Луи, веселый, разрумянившись от мороза, только что вернулся с охоты, когда Вержен сообщил ему добрую весть. Толстое, добродушное лицо короля сияло довольством. Просто великолепно, что его шурин, римский император, взялся за ум. Итак, Иосиф готов удовольствоваться территорией на Инне. Вот это благоразумно, это по-деловому. Территория на реке Инн — крошечная область, просто символическое завоевание, в котором Фридрих Прусский, конечно, не откажет императору.
— Территория по реке Инн, — разъяснил он деловито, гордясь своей памятью, — представляет собою всего один населенный пункт, достойный упоминания, да и он не имеет значения. Там всего несколько сот жителей, тысячи не наберется. Это маленький городишко под названием Браунау.
Луи бросился к географическим картам и очень обрадовался, найдя в них подтверждение своим словам.

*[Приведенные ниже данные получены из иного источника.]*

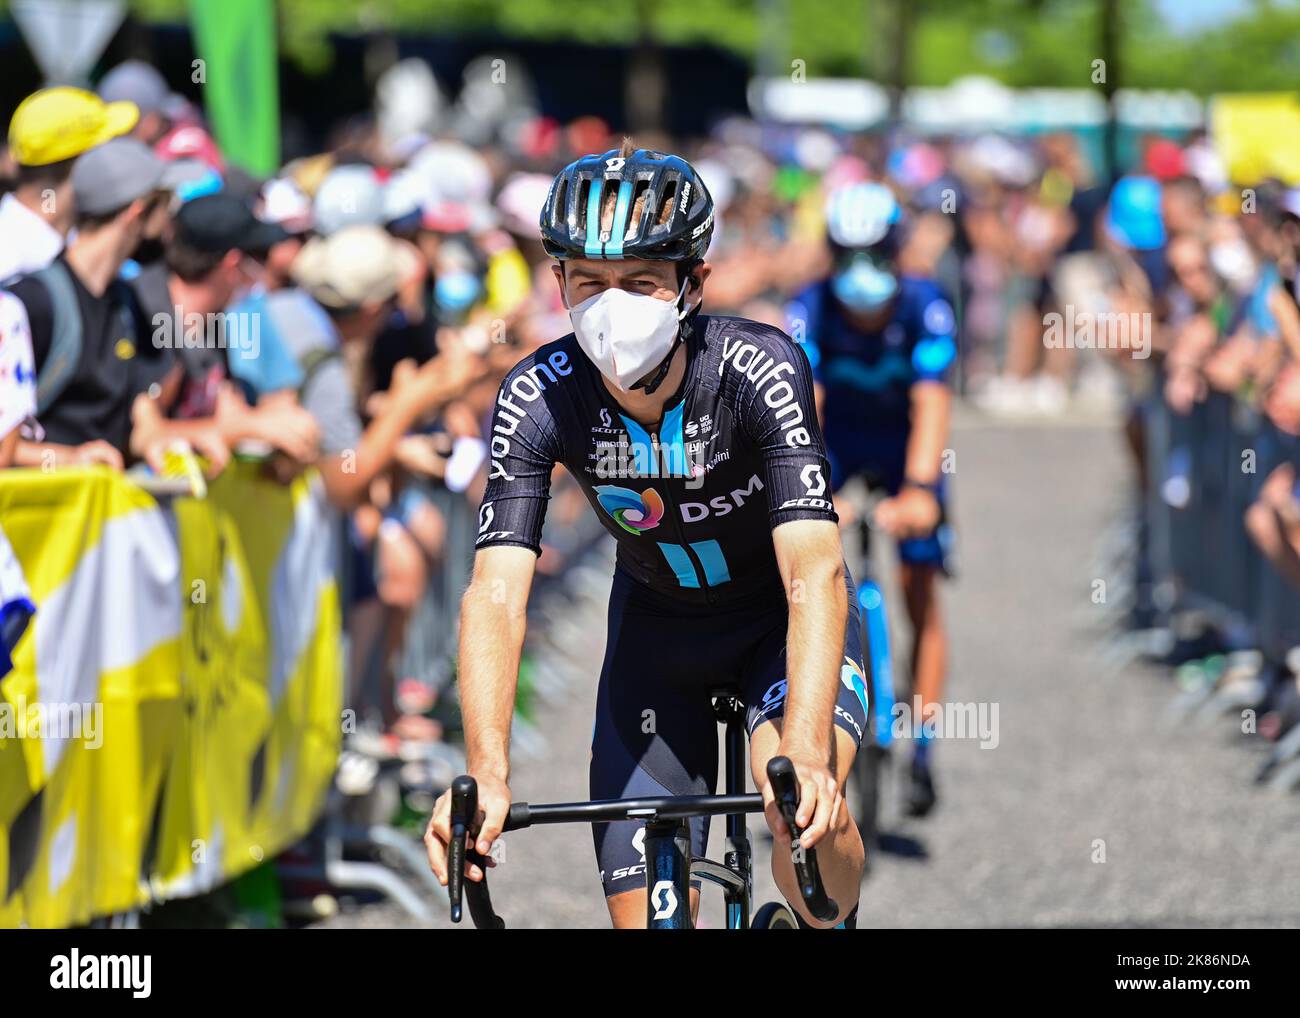 Team DSM Rider Chris HAMILTON beim Start der Tour De France, Etappe 14, Frankreich, 16.. Juli 2022, Credit:Pete Goding/Goding Images/PA Images Stockfoto

Выступить посредником при заключении мира было как раз подходящим делом для Людовика Шестнадцатого. К вящему удивлению своего министра, он принялся напевать старую песню, которая была популярна в кабачках и на рынках сорок лет назад, в дни заключения мира 1735 года.[122]
Подумав о своем шурине Иосифе, план которого потерпел столь жалкое крушение, Луи ощутил даже нечто вроде злорадства. Но оно тотчас же уступило место более возвышенным чувствам. Именно теперь, когда он очень скоро станет отцом, Луи испытывал глубокую благодарность к человеку, который посоветовал ему сделать операцию. Ему было жаль честолюбивого Иосифа, неудачливого завоевателя мира. И в то же время он глубоко и искренне радовался за Иосифа, который снимет с себя наконец бремя этой преступной войны да еще получит новую территорию и город Браунау на Инне. Но самое главное, и это было особенно приятно Луи, его августейшая теща освободится от военных забот.
Он был готов сделать все, что в его силах, только бы ликвидировать конфликт между Габсбургами и Пруссией. Но ему было ясно, что Иосиф теперь особенно обидчив и что с ним следует обходиться с величайшей деликатностью. Мир был не за горами, но стоило сделать один неверный шаг — и все могло сорваться.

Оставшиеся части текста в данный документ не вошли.